Boeing balks at strikes
Plant location depends on deal, Dicks says
SEATTLE – Unless Boeing Co. can win a long-term contract that bars strikes by its largest union, the aerospace company will build a second production line for its new 787 jetliner outside of Washington state, members of the state’s congressional delegation say.
The Machinists union, which represents production workers at Boeing, has struck the company four times over the past 20 years, most recently last fall for two months.
“The whole thing comes down to, can they get a long-term agreement with the union, with a no-strike clause?” U.S. Rep. Norm Dicks, D-Wash., told the Seattle Times in an interview Tuesday. He added, “I think if they get this agreement, they would stay.”
In a separate interview with the newspaper, Gov. Chris Gregoire said Boeing Commercial Airplanes CEO Scott Carson also told her recently the company wants a long-term, no-strike agreement with the Machinists union.
Gregoire said Carson told her Boeing will probably decide on the location of a second 787 production line this fall, although he did not specifically link that decision and a no-strike agreement as an ultimatum.
Machinists union district President Tom Wroblewski balked at the idea of setting aside the union’s strike weapon.
“Take away our only power?” Wroblewski asked rhetorically. “I can’t see ever taking our power away.”
On Tuesday, Boeing said it would pay $580 million for a Vought Aircraft Industries plant in North Charleston, S.C., that makes large sections of its much-delayed 787.
Deliveries of the 787 have been postponed by nearly two years partly because of problems with components made by suppliers and work that suppliers didn’t complete. Those problems are expected to cost Boeing billions of dollars in added expenses and penalties.
Boeing is using suppliers from around the world to build large sections of the plane that are later assembled at the company’s commercial aircraft plant in Everett. Boeing has booked orders for a record 850 of the planes, though some 60 orders have been canceled so far this year.
Dicks, the third-ranking member of the House Appropriations Committee, has long been an aggressive Boeing supporter. He told the Times the labor ultimatum was laid out for him and other members of Washington’s congressional delegation by “high-ranking people” at Boeing whom he declined to name.
Dicks also said that at a March meeting with Boeing CEO Jim McNerney, arranged by Gregoire and held in the Washington, D.C., office of Sen. Patty Murray, D-Wash., “McNerney was very candid.”
“The message was that we need to get a resolution of this (strike) problem. We can’t live with this,” Dicks said.

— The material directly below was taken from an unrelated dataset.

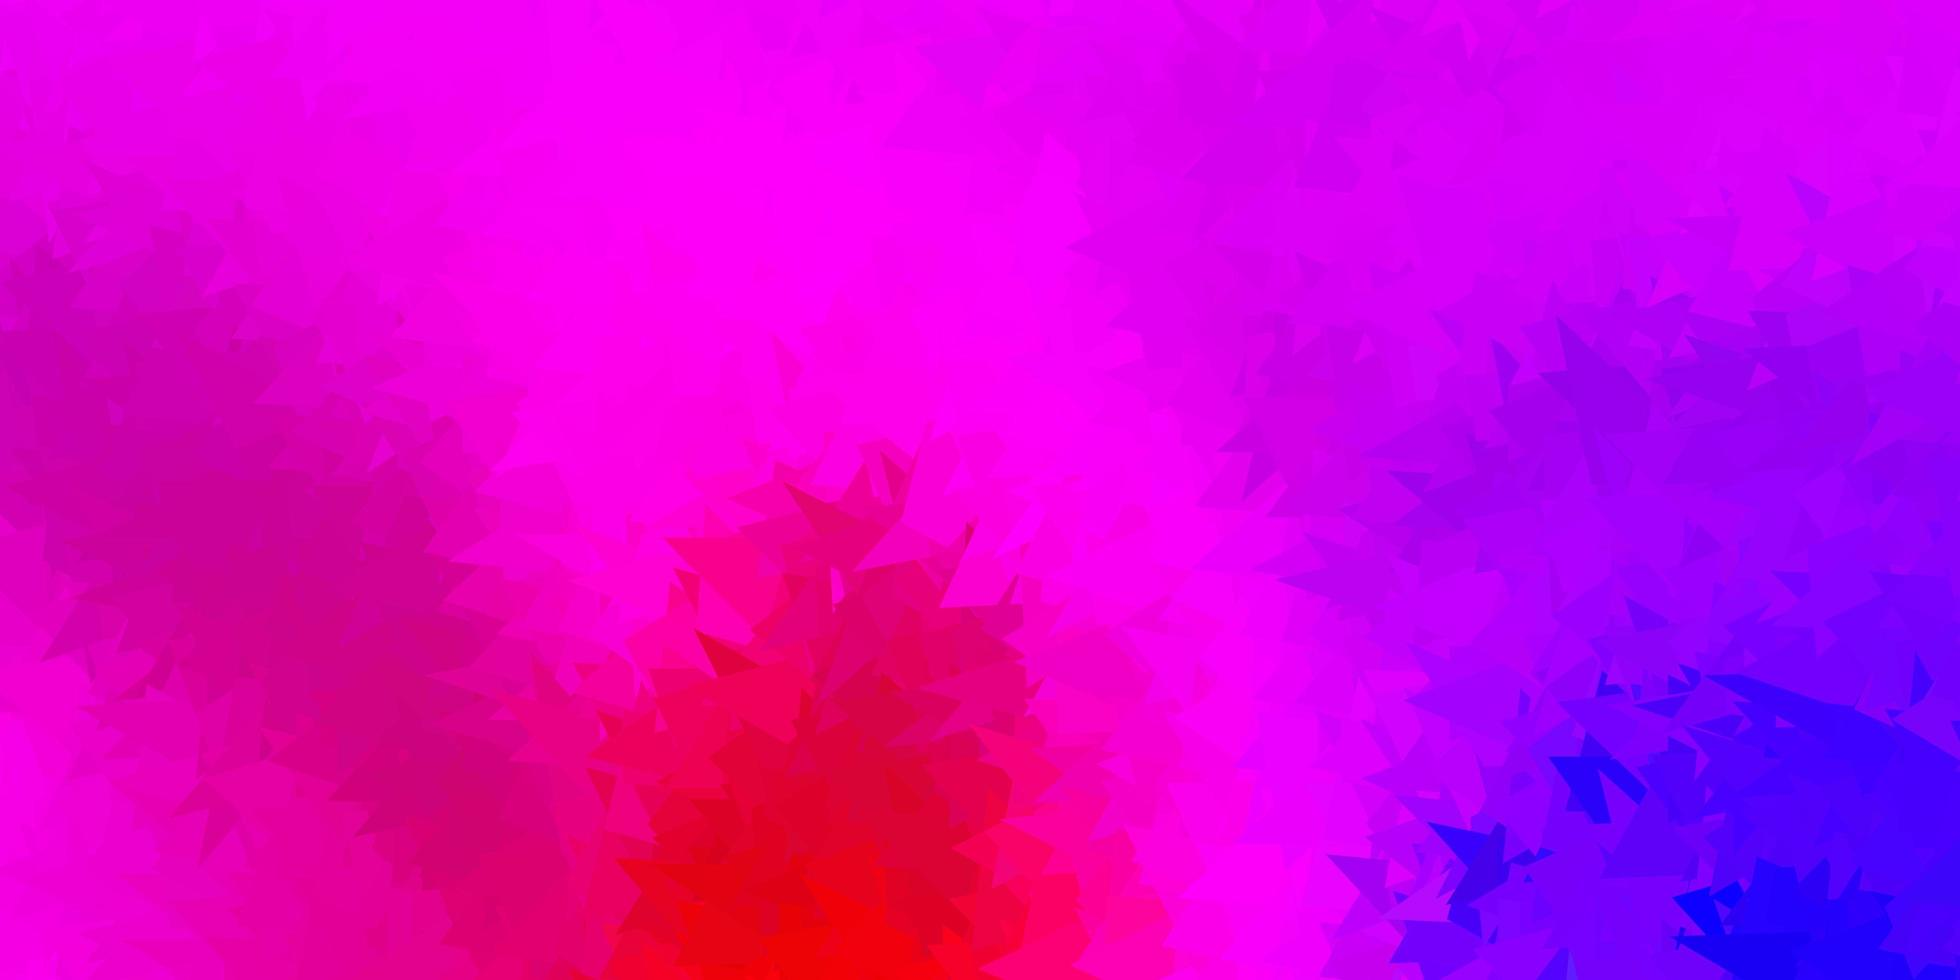 mörkrosa, röd vektor geometrisk månghörnigt tapet.

He said Sen. Maria Cantwell, D-Wash., and most of Washington’s U.S. representatives were present, as McNerney described how Boeing plans a detailed assessment of where to put a second 787 assembly line in an open competition, with Everett as only one option.
Gregoire said that before Boeing decides on where to place a second 787 line, she plans to go to company headquarters in Chicago and make the case for the Puget Sound region before Boeing’s board.
Gregoire said a no-strike agreement is an ambitious goal for Boeing, and is something that cannot be achieved through legislation. Dicks said any such agreement would have to involve some kind of binding independent arbitration of disputes between Boeing and the Machinists.
Wroblewski said there have not yet been any extensive discussions on the subject.
“If we were to have these discussions, the company would have to come through with something … guaranteed employment of some sort,” he said. “The trade-offs would be huge.”